Дело об оффортах - страница 13



Надо отдать должное его умениям плести интриги, погружаться в конкретную историю, вникать в детали и, на первый взгляд, совершенно лишние подробности. Но все вместе они и выработали ту особую майковскую тактику строить игру на нестыковках и пробелах, детальках, штришках.

На «офорты» он вышел случайно. После неудачного рейдерского захвата мехбазы оправились в ресторан расслабиться. Накануне суд щедро «раздал» всей компании по заслугам. Лично ему, Майкову, достался условный срок в три года. Подельники получили сроки меньше, но реальной тюрьмы. «Реалисты» уже отбывали приговор, а «условники», их было значительно больше, приходили в себя, обсуждая в деталях причины провала. «Гуляли» не от веселья, а от тоски и досады, что, казалось бы, продуманная до мелочей операция закончилась так скверно.

При всем том, что с законом он никогда особенно не дружил, ему все время приходилось «развиваться» – читать, учиться, посещать тренинги и семинары, ведь представлять чьи-то интересы посредством кулака и рэкета становилось немодным и далеко не безопасным.

И потому как-то особенно трогательно звучало из его уст в ходе судебного заседания «Ваша честь»! И, слава богу, что на этих судебных разбирательствах ни разу не побывали его подельники. Они бы точно все испортили, услышав проникновенно эпатажные речи Майкова, где главным лейтмотивом всегда оставалось: «Человек – это звучит гордо» или «Человека легко обидеть». В лучшем случае они сорвали бы ход заседания своим хохотом и подколками «праведного» Майкова. А в худшем заподозрили, что их подельник не в себе, что он «того»…

Хотя Майков чаще всего представлялся юристом, он и близко не имел отношения ни к одному юридическому факультету, коих расплодилось превеликое множество. Но он был образчиком самообразования. Знал назубок все кодексы, подзаконные акты и судебную практику так, что бывал неотразим, попадая в точку своими вопросами-ответами в ходе прений или допроса свидетелей. Единственное, чего не хватало ему в такие минуты, – публичного признания и восторга публики. Но где ж их взять, когда судебный процесс нередко шел месяцами?

Итак, Майков, что называется, залечивал раны в ресторане. Из тех двадцати пяти, кто участвовал в последнем рейдерском захвате, на свободе остались пятеро. Вот за всех они и пили горькую, вспоминая каждого.

За соседним столиком, судя по всему, веселья тоже не хватало. Мужская компания пила без куража, анекдотов, веселых историй и занимательных воспоминаний. Наконец, обе компании дошли до черты, за которой начинался поиск виноватых.

Майков сидел к соседней компании спиной. Банальщина, которую он слышал, его не раздражала. Какое ему дело до их дурацких тостов. По обрывкам фраз он догадался: гуляют художники. Время от времени слышались рассуждения об импрессионистах, пост-модернистах, поп-арте, музыке Курехина и великом искусстве Левитана. Кляли Союз художников и полный беспредел с мастерскими здешних живописцев, который устроили чиновники, ничего не смыслящие в высоком искусстве. – Эти знатоки из районной управы решили повысить плату за мастерскую моего отца! Народный художник, мэтр! Что им графика, они разве понимают прелесть офорта?

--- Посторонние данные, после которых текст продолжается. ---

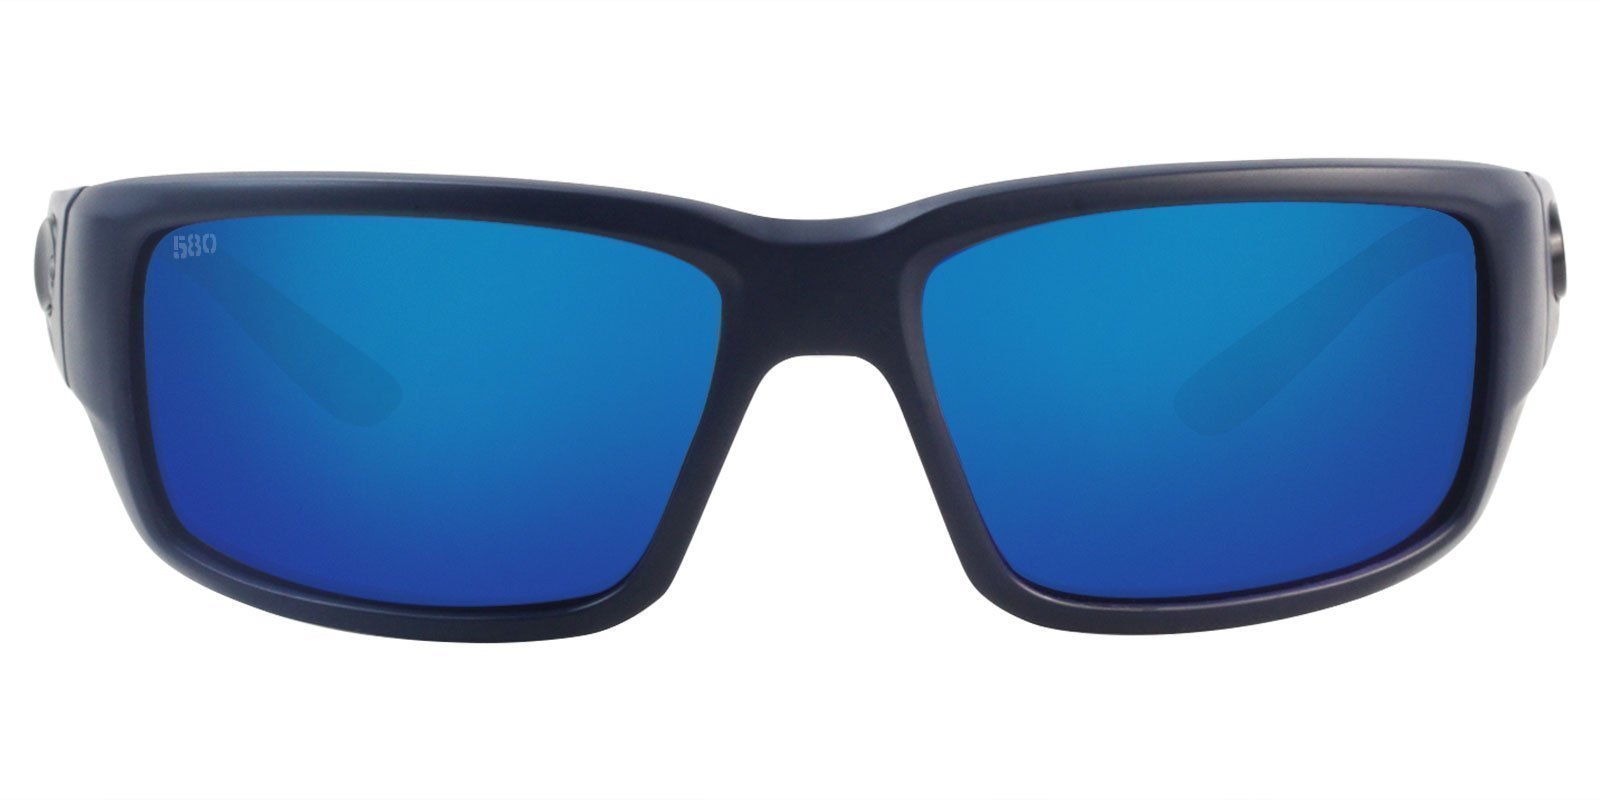 Which Costa Del Mar Sunglasses Are Best For Fishing? : Top 5 Costa Del ...

– Да они же бесплатно там всю жизнь обитали, Федяй, кончай свист, слезу вышиб. Была бы у меня такая мастерская, я бы и за деньги снимал. Разве это оплата – гроши.

– Да, гроши, а как еще, коли искусство для народа! Искусство задаром! Я вчера книгу у Светки в библиотеке приметил – «История Лесовска». Полистал, пока Светку ждал. Смотрю, о, ничего себе – отцовские работы. Брякнул ему, поздравляю, денег не даешь, жмотишься, а картинки печатаешь в подарочных книгах. А он говорит, что это бесплатно. Так сказать, из любви к искусству. Мол, разрешил соседу-художнику при оформлении использовать. Какая-никакая реклама. Гуманист! Сыну пожрать не на что, а этот направо-налево раздает все бесплатно. Ну и как ему после этого за мастерскую платить?!